Black Swan and The Wrestler were originally conceived of by Aronofsky as parallel stories in a single film. At first glance, it seems like a terrible idea, and it's clear that breaking them up was the right call, but the two stories make for a striking mirror image. Randy "the Ram" Robinson and Nina Sayers share a central dilemma: they are both characters defined, both to themselves and to the world around them, by their physical bodies. Randy the Ram is only alive to the degree that his leathery hide dishes out and absorb punishment in the wrestling ring. Nina's only means of self-expression is the voiceless grace of her body. Both of them are haunted by the specter of their inevitable physical decline: Randy is smack in the middle of his own, while Nina sees her future all too clearly in the person of Winona Ryder's fading star ballerina. Both characters are driven to self destruction by their insatiable demand for perfection and adulation. Black Swan distinguishes itself as an altogether more penetrating and brilliant piece of work by burrowing so deeply into Nina's warped psyche and by expertly dissecting the specifically feminine dilemma she faces.

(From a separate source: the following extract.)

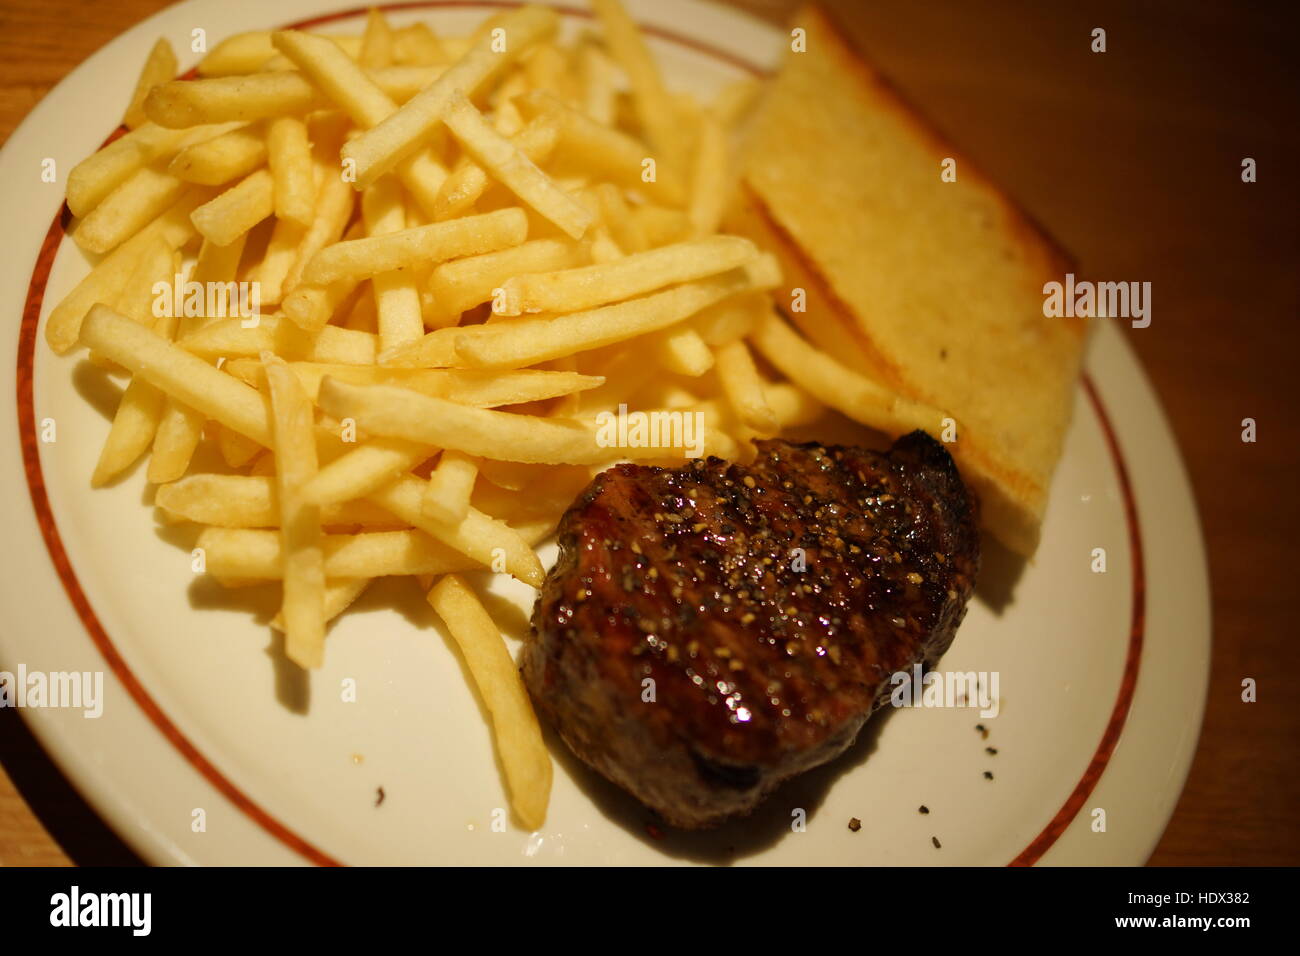 Delicious steak with fried potatos Stock Photo
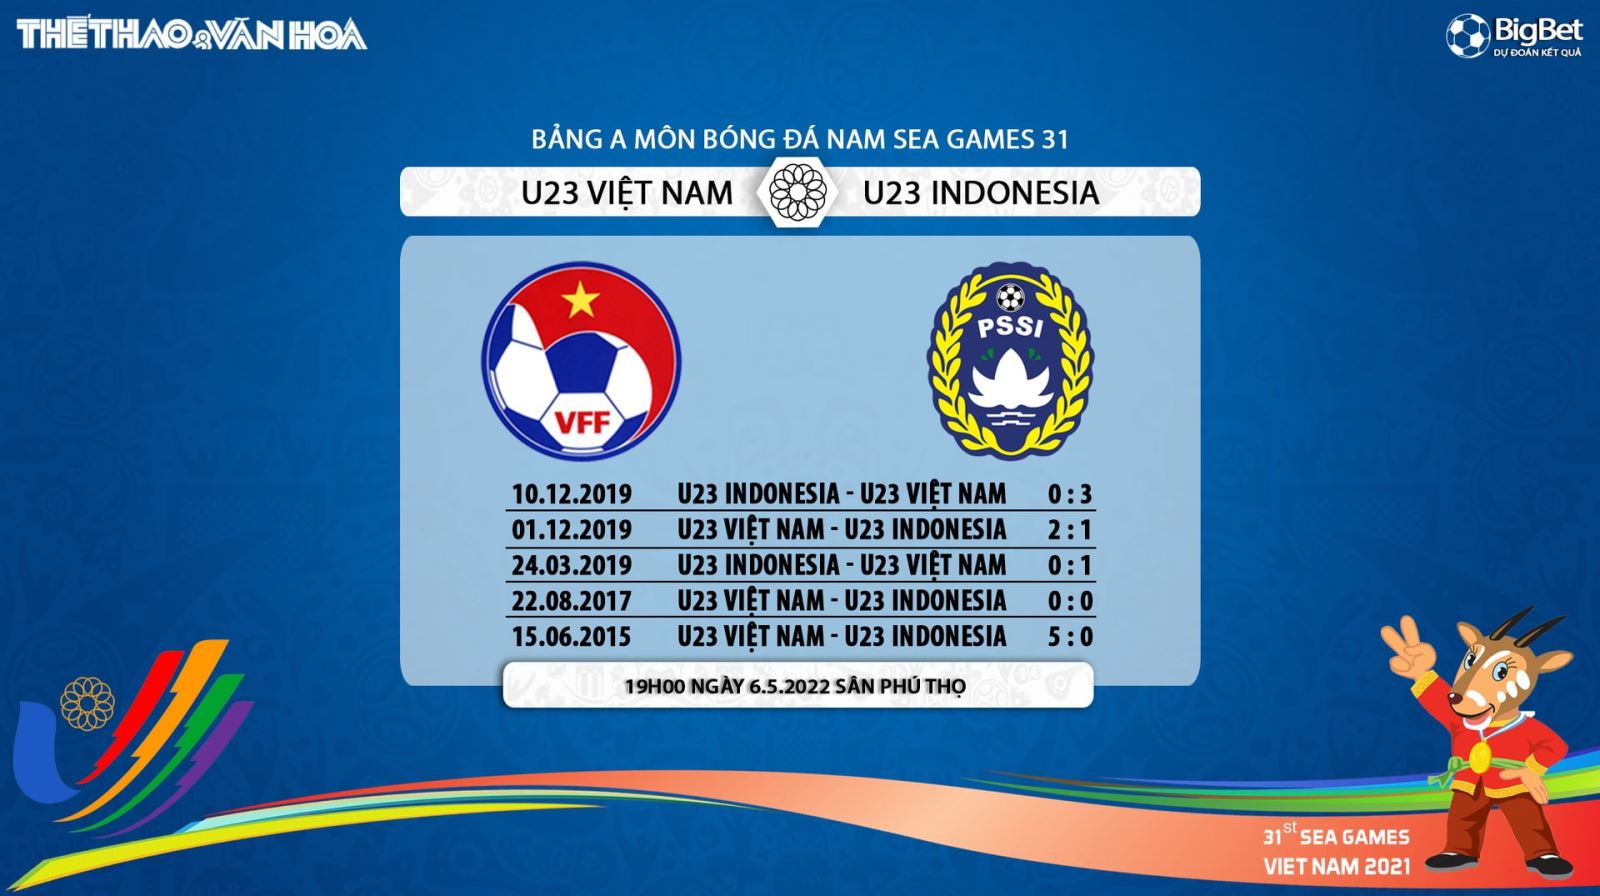 nhận định bóng đá U23 Việt Nam vs Indonesia, nhận định kết quả, U23 Việt Nam vs Indonesia, nhận định bóng đá, U23 VN, U23 Indo, keo nha cai, U23 Việt Nam, dự đoán bóng đá, SEA Games 31

Natalie Portman's Nina lives an absurdly proscribed existence: her daily routine, her life goals, her values, her self-esteem, are defined by dance. Her mother, a failed ballerina living vicariously through her daughter, uses a complex system of passive-aggressive conditioning to keep Nina focused on presenting herself as a symbol of purity and aesthetic perfection. When the film starts, Nina is somewhat comfortably cocooned in her frigid little world (although there are signs that the prospect of playing the lead in her company's production of "Swan Lake" has already put some cracks in the veneer). The real trouble begins when she wins the part of Odette and her director, played by Vincent Cassel, demands that she get in touch with her sexuality in order to channel the Black Swan, Odette's seductive alter ego. The tug-of-war for Nina's soul waged between her Mother and her Director places Nina in an impossible situation. She must simultaneously embody Mona Lisa and Mata Hari. It's the classic Virgin/Whore dichotomy all women have to navigate in some way, heightened to psyche-shattering heights by Nina's preternatural focus and artistic devotion. Her mechanisms for coping with the uncertainty and peril of depending on her intensely vulnerable human body (just listen to the knuckles of her toes crack as she gets out of bed!) are all based on a mechanized rigidity that cannot process paradox. She's like a cartoon robot sent into sputtering meltdown by a logic puzzle.
Aronofsky documents Nina's mental breakdown by deftly synthesizing every effective gimmick in his directorial bag of tricks. He utilizes the over-the-shoulder shots and overall sense of docu-drama realism first displayed in The Wrestler to wed the viewer to Nina's point of view, making the film's lurch into Requiem for a Dream-style hysteria credibly disorienting. While Requiem's all-out visual assault created a fatal distance between the audience and the character, Black Swan's hybrid approach draws the viewer inside Nina's head so effectively that her descent into madness is heartbreaking, terrifying and mercilessly logical. The performances are universally excellent, with Natalie Portman finding the role that her icy, repressed screen presence was made for. The dance sequences recall the fight scenes in The Wrestler in their emphasis on awesome grace and grim physical punishment. The film's themes; sex, decay, artistic obsession, radiate from every frame. Black Swan is the work of an artist at the peak of his power; someone who has clearly wrestled with his defining subject matter for years and has learned through grueling trial and error the most effective application of his gifts.